Abbas Meets Egyptian Delegation to Discuss Palestinian Reconciliation with Hamas

Can the Palestinians reunite with Egypt’s help? Illustrative photo of Palestinian event. By Joshua Spurlock

The Egyptians are working to fix the ongoing rift between the Hamas terrorist group that controls Gaza and the Palestinian Authority—led by President Mahmoud Abbas and controlling territory in Judea and Samaria (also known as the West Bank)—and to that end Abbas met with their delegation to talk on Saturday. The Palestinian governments in Gaza and the West Bank have been controlled by rival factions since 2007, when Hamas threw the PA out of Gaza in a violent coup. Since then, multiple attempts to reconcile the sides—considered by some to be a key step before the Palestinians can sign a lasting peace deal with Israel but what also could reintegrate a recognized terrorist group into the official Palestinian government—have faltered.
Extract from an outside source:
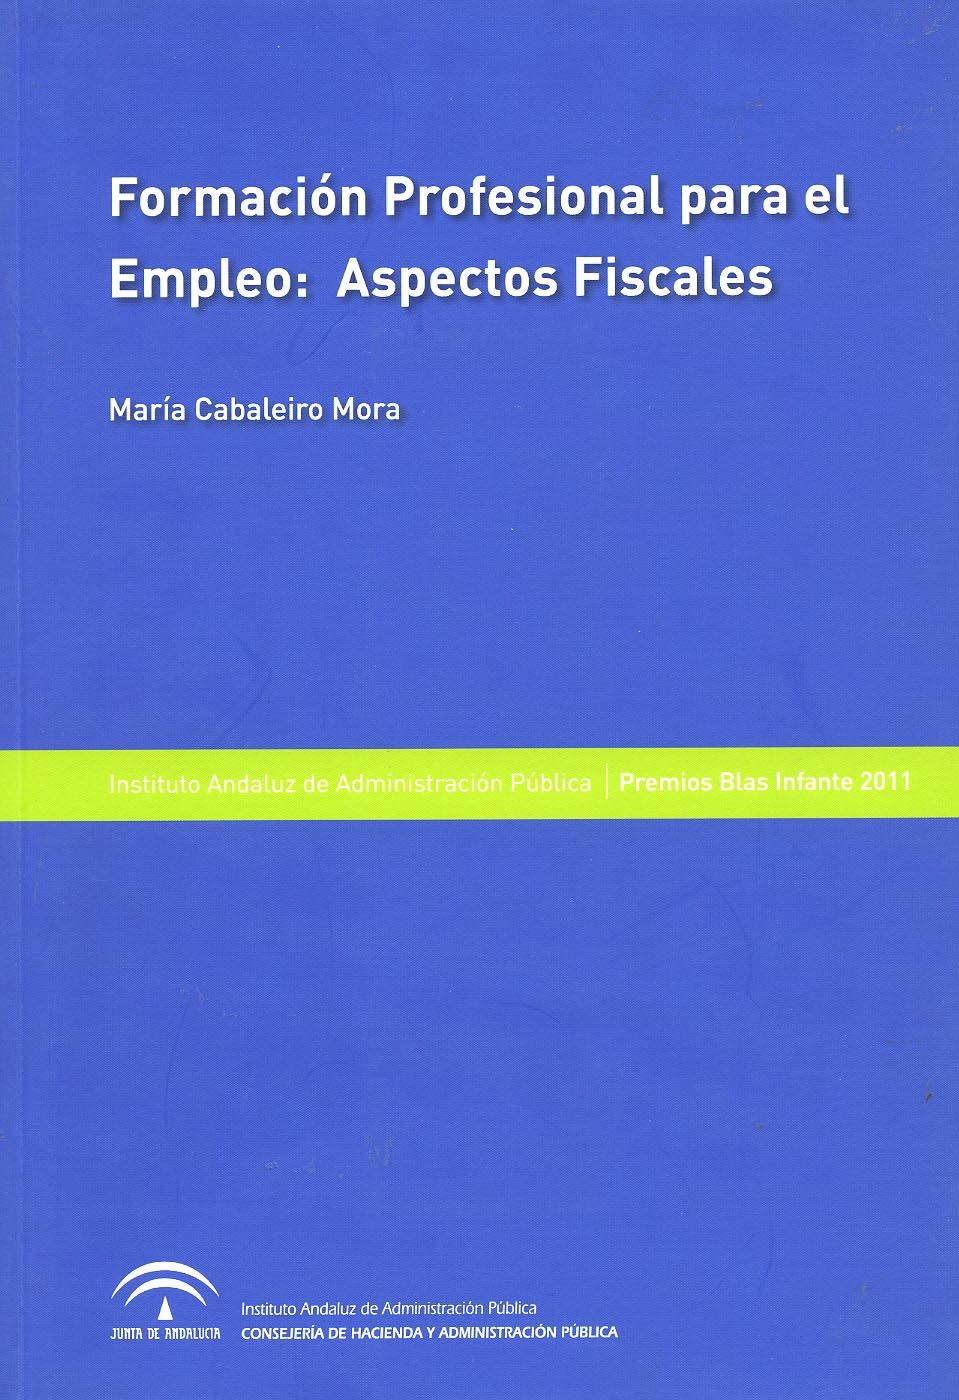 Formación profesional para el empleo : aspectos fiscales / María R. Cabaleiro Mora. - Sevilla : Instituto Andaluz de Administración Pública, 2012

The latest effort by Egypt included a visit by members of the Egyptian General Intelligence with Abbas in his de facto capital of Ramallah, according to the WAFA Palestinian News Agency. The meeting and PA leader Abbas’ direct involvement comes just days after United States Middle East envoy Jason Greenblatt slammed the PA for their lack of involvement in finding a solution for Gaza. The White House Special Representative for International Negotiations, in a State Department press release last week, told the PA to get involved in fixing Gaza or “others will fill that void.” Greenblatt also said the Donald Trump Administration “strongly supports” Egyptian efforts ‎to “help facilitate an agreement to restore calm in Gaza and bring about the conditions for the Palestinian Authority to fully assume its responsibilities in Gaza.”

The Egyptian visitors on Saturday, according to the WAFA report, highlighted their country’s efforts to reunite the main Palestinian political factions. That reconciliation of sides would be within the Palestinian Authority entity and led by Abbas, implicitly ruling out leadership by Hamas or a third party. The WAFA report said that the Palestinians on Abbas’ side and the Egyptians committed to ongoing talks on coordination of reconciliation efforts.

The PA isn’t the only group in apparently stalled talks with Hamas. Israel too has been interested in a more substantial ceasefire to put an end to on-again, off-again conflict but so far nothing has been announced.

On Sunday, a press release from the office of Israeli Prime Minister Benjamin Netanyahu said he informed the families of Oron Shaul and Hadar Goldin—two missing-in-action Israeli soldiers whose bodies are believed to be held by Hamas—that “there would be no arrangement in the Gaza Strip without the return of the boys.”